Inhibitory effects of VEGFR1 and VEGFR2 antibodies on tumor growth are partly attributed to anti-angiogenic influence
Decrease in tumor MVD in the MF-1 or DC101-treated animals (Figure 1C and Supplementary Figure S1B) prompted us to further examine whether the anti-tumor effects were due to inhibition of angiogenesis. We found that treatment with antibodies directed against human VEGFR1 and VEGFR2 (i.e. IMC-18F1 and IMC-1121B, respectively) reduced the proliferation of VEGF-stimulated HUVECs in a dose-dependent manner. Notably, a combination of both antibodies at low doses produced inhibitory effect comparable to high dose single-antibody treatments (Figure 2A). Moreover, the data from migration chamber assay showed that IMC-18F1 or IMC-1121B used alone at higher doses, or in combination with each other at low doses, abolished VEGF-stimulated migration of HUVECs (Figure 2B). Our results also showed that blockade of VEGFR1 and/or VEGFR2 significantly and dose-dependently decreased tube formation ability of HUVECs under VEGF stimulation (Figure 2C and Supplementary Figure S5A). Western blot analysis showed that VEGF upregulated the expression of p-VEGFR1, p-VEGFR2, p-Src and p-ERK in HUVECs, and that VEGFR1 and VEGFR2 antibodies attenuated these effects (Figure 2D).
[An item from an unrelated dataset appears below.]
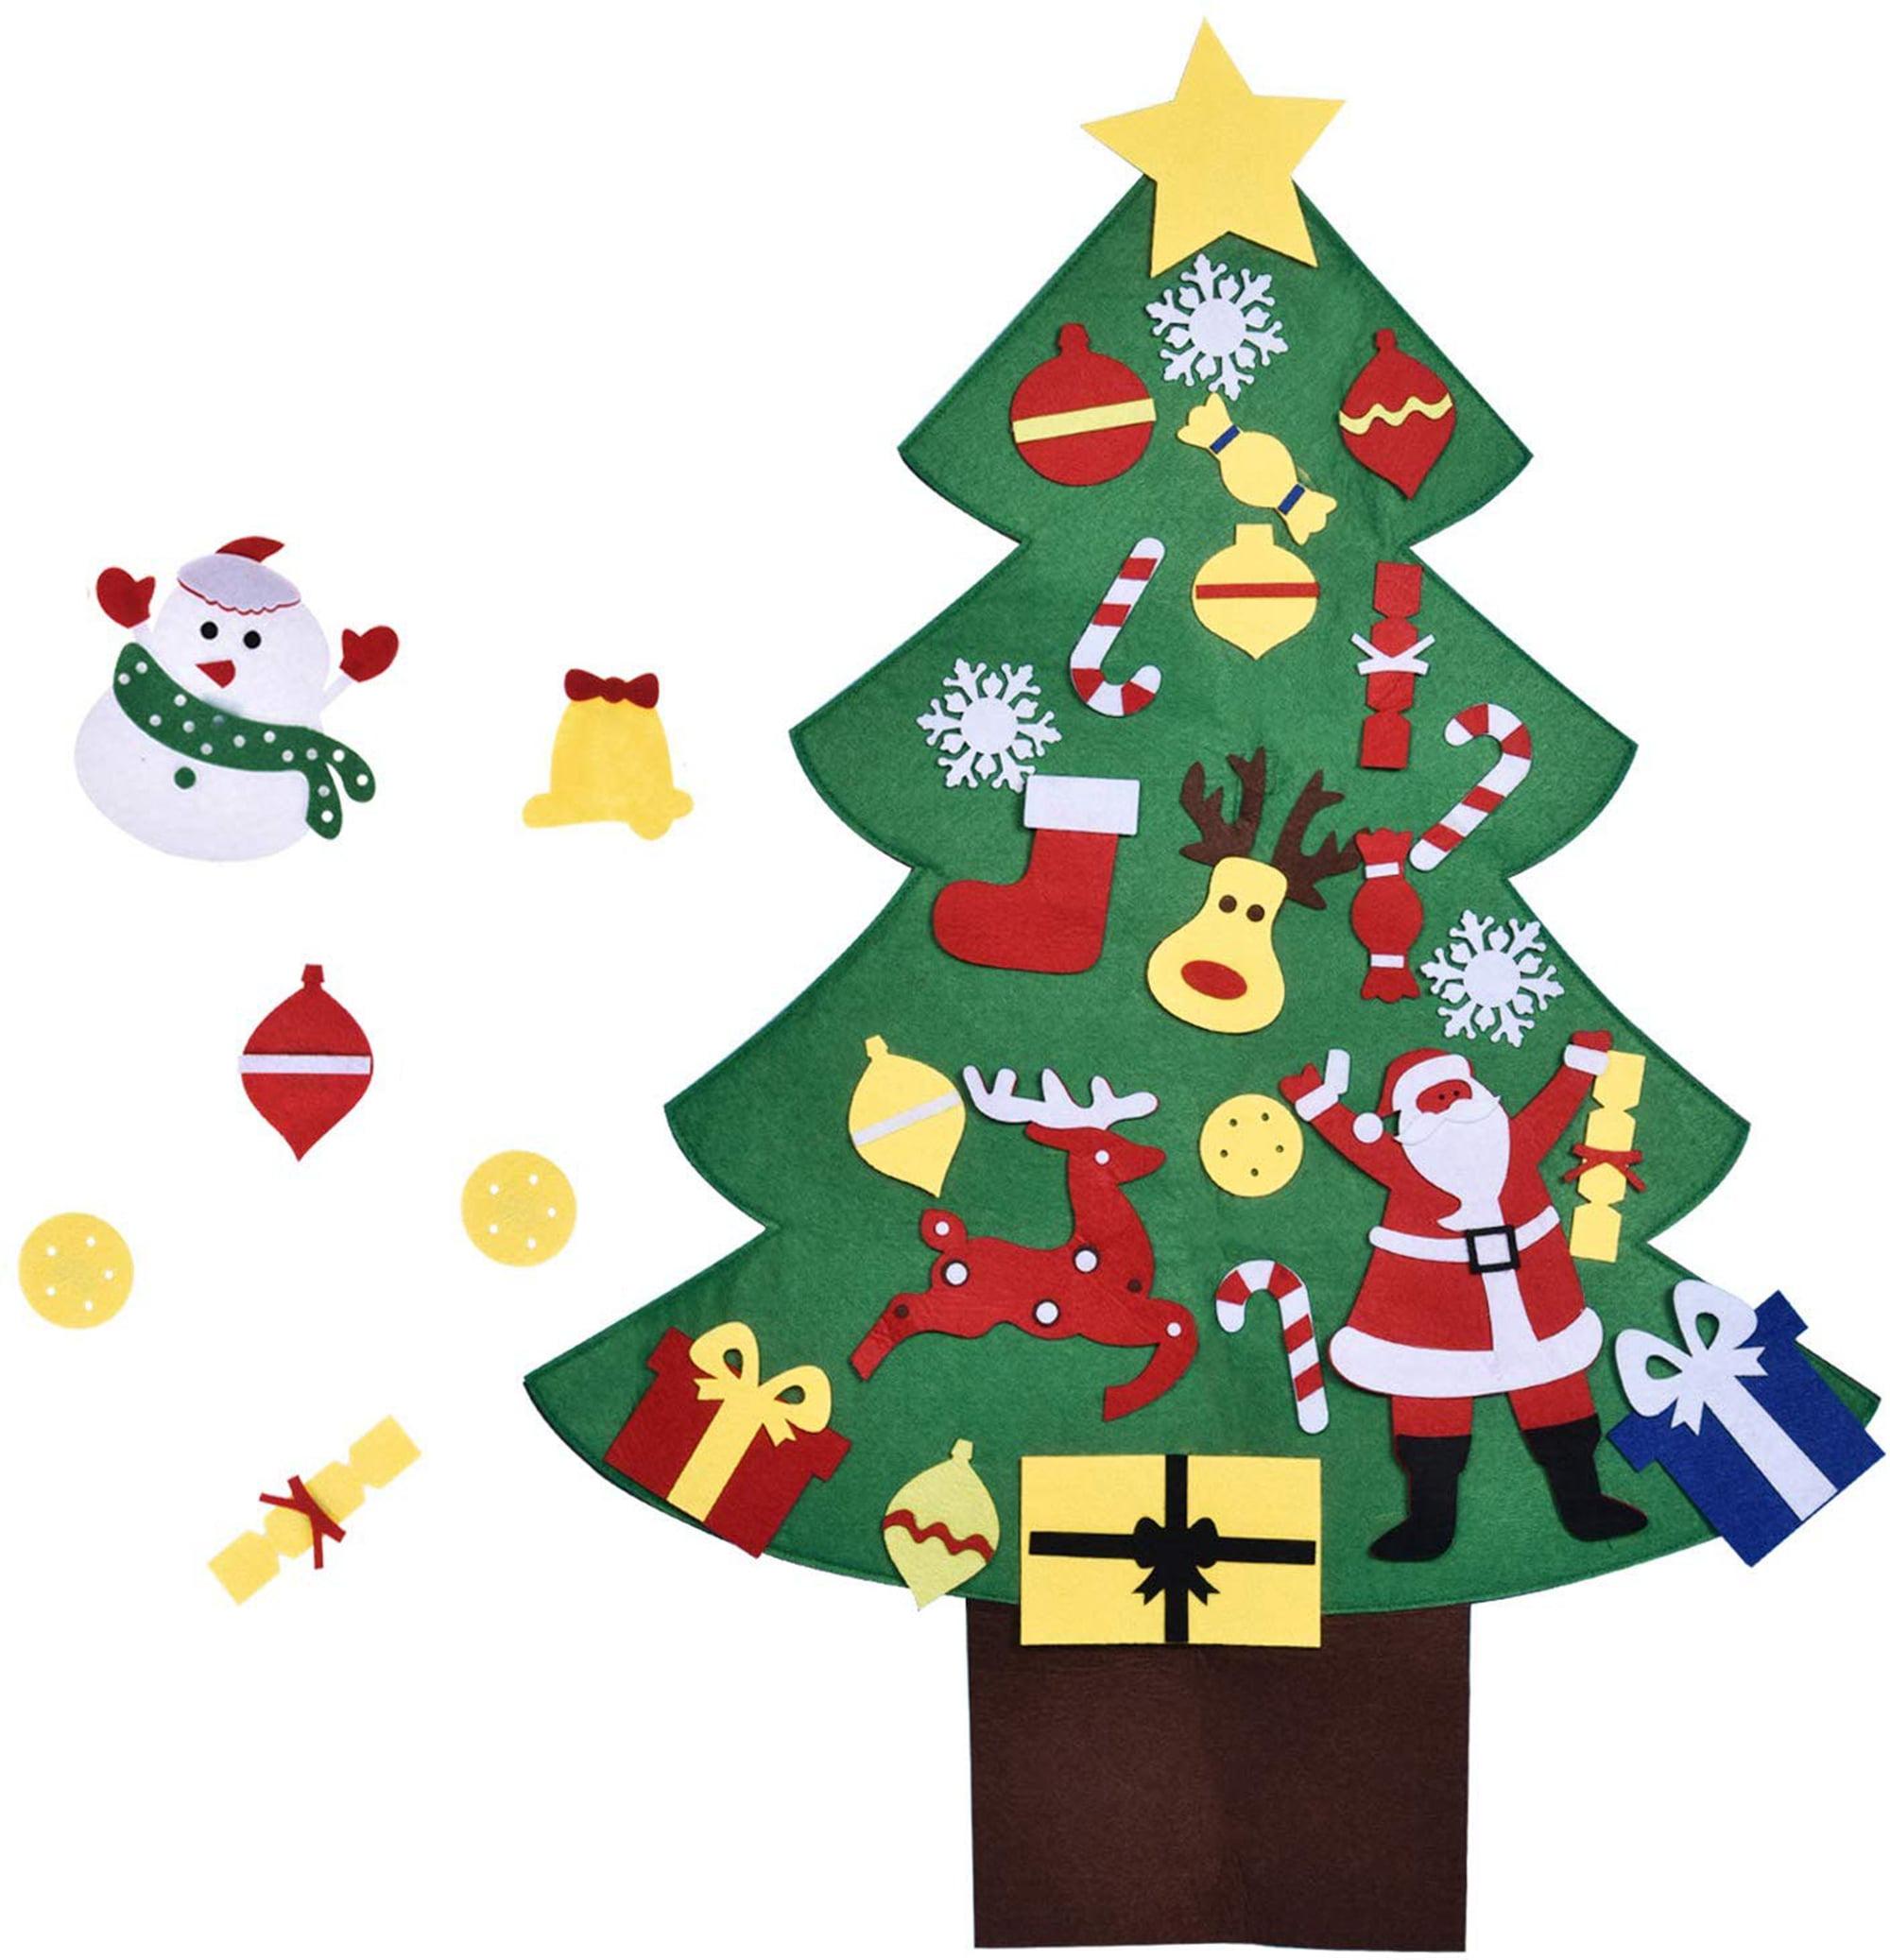 3ft Diy Christmas Tree For Kids With 28pcs Felt Ornaments Classroom Door Wall Decorations Diy Toys Party Favor F 275 Walmart Com Walmart Com

Figure 1: Blockade of VEGFR1 and VEGFR2 suppressed growth of human ESCC xenografts in nude mice. (A) Growth curves of KYSE30 and KYSE270 tumor xenografts. (B) Immunohistochemical analysis of the Ki-67 proliferation index in KYSE30 xenografts. (C) CD31-positive cells demonstrating micro-vessel density (MVD) in KYSE30 xenografts. Bars, SD; *, P < 0.05; **, P < 0.01, ***, P < 0.001 compared with isotype IgG-treated mice.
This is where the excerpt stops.